Die T-Zellen, die das Wachstum begrenzen, verlieren die Kontrolle. Erbgutveränderungen kommen hinzu, es entwickelt sich ein rasch fortschreitendes Lymphom. Inzwischen weiß man, dass EBV bei mehreren Krebsarten eine Rolle spielt, etwa bei Morbus Hodgkin.

Das Vertrackte an dem Erreger: Fast jeder hat ihn, 95 Prozent aller Erwachsenen sind infiziert, doch nur wenige bekommen Krebs. "Daher ist es schwer, der Öffentlichkeit und vielen Ärzten klar zu machen, dass es notwendig ist, etwas gegen das Virus zu unternehmen", beklagt Henri-Jacques Delecluse, der am DKFZ an Impfstoffen gegen EBV forscht.

Neben geschwächten Abwehrkräften spielten auch Umweltfaktoren eine Rolle, wenn EBV zu Krebs führt. "So ist in China der EBV-assoziierte Krebs des Nasenrachenraums der häufigste Tumor junger Erwachsener. Wenn Chinesen nach Amerika auswandern, sinkt das Risiko", sagt Delecluse. Die US-Firma MedImmune erprobt zur Zeit eine EBV-Impfung mit Molekülen aus der Virushülle.

Bislang nur ein Impfstoff auf dem Markt

Auf dem Markt ist bisher nur eine einzige Impfung, die gezielt der Krebsvorbeugung dient: In diesem Sommer wurde Gardasil zugelassen, das vor vier verschiedenen Papillomviren schützt. Diese sollen für etwa 70 Prozent aller Fälle von Gebärmutterhalskrebs verantwortlich sein (SZ 10.6.2006).

Allerdings ist Gardasil nicht die erste Krebsimpfung. Denn schon seit den 80er-Jahren gibt es Impfstoffe gegen Hepatitis-B-Viren, die nicht nur Leberentzündungen verursachen, sondern auch das Risiko für Leberkrebs um das Hundertfache steigern.

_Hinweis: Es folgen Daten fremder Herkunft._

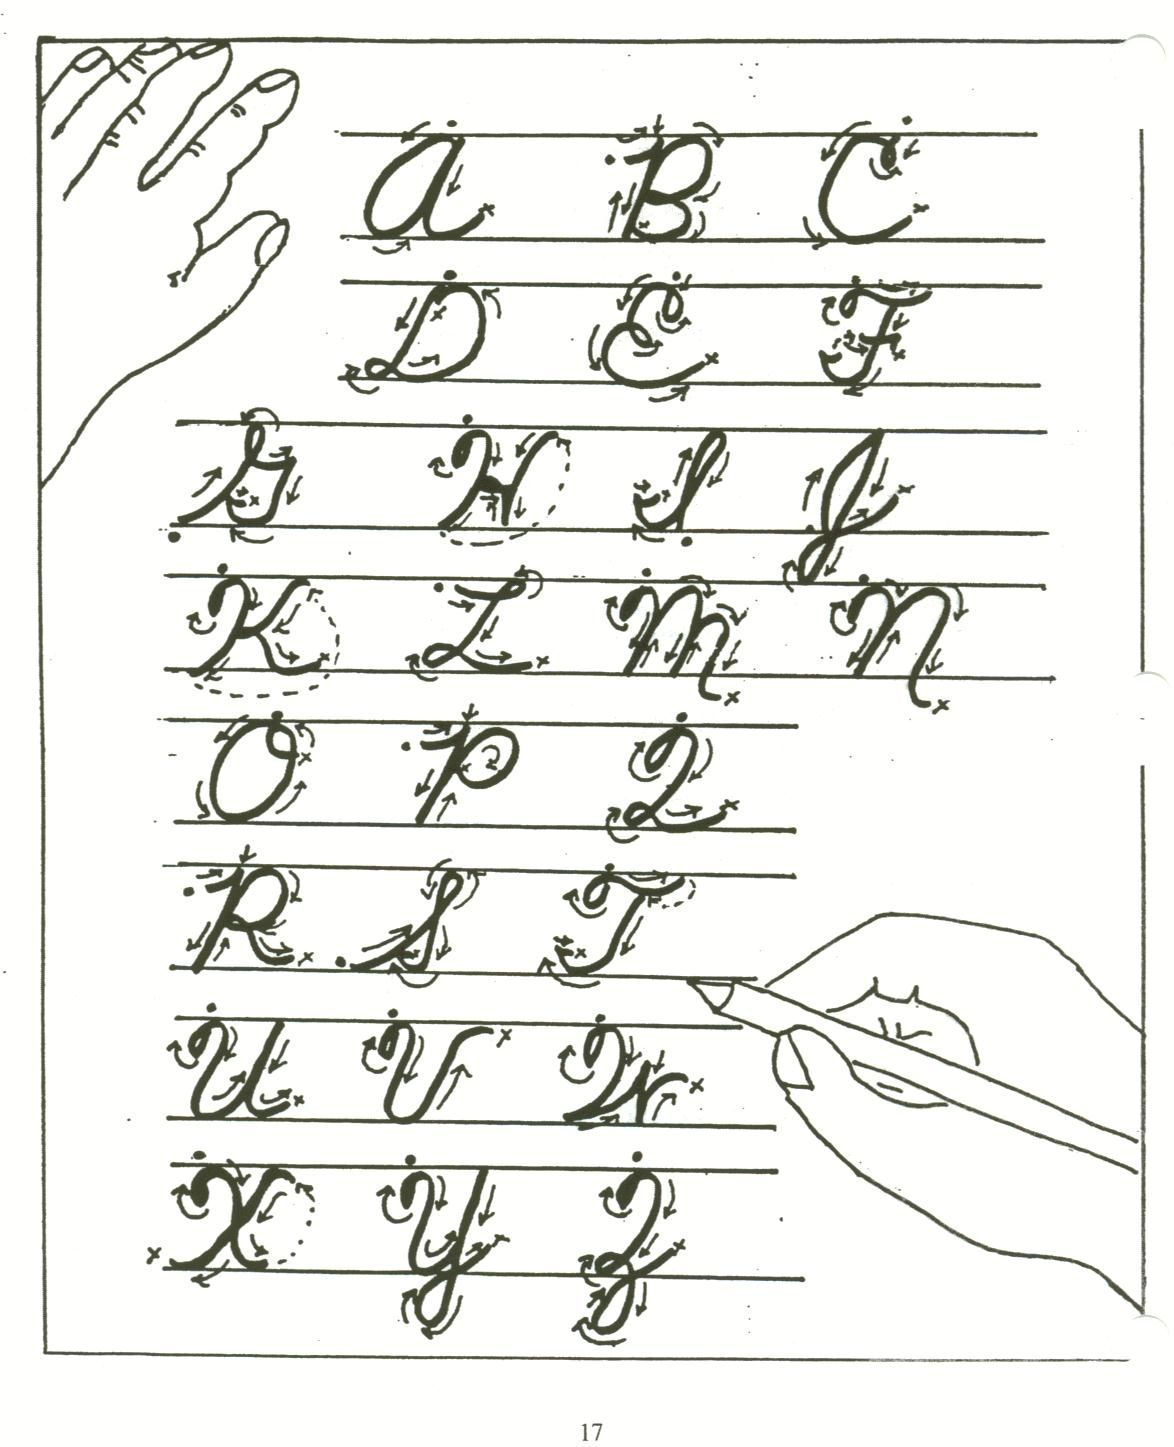 Is Handwriting So Last Generation Redux

"Es ist anzunehmen, dass künftig noch mehr Viren entdeckt werden, die zur Entwicklung von Krebs beitragen", sagt zur Hausen. "So verdienen TT-Viren mehr Aufmerksamkeit, die erst seit zehn Jahren bekannt sind. Fast jeder hat sie im Blut, keiner weiß, was sie machen."

Eine Rolle bei der Entartung von Zellen sei nicht auszuschließen. Zur Hausen warnt aber vor zu weit gehenden Schlussfolgerungen: "Krebs als ansteckende Krankheit zu bezeichnen, wäre allzu verwegen. Durch eine Infektion allein entsteht noch kein Tumor."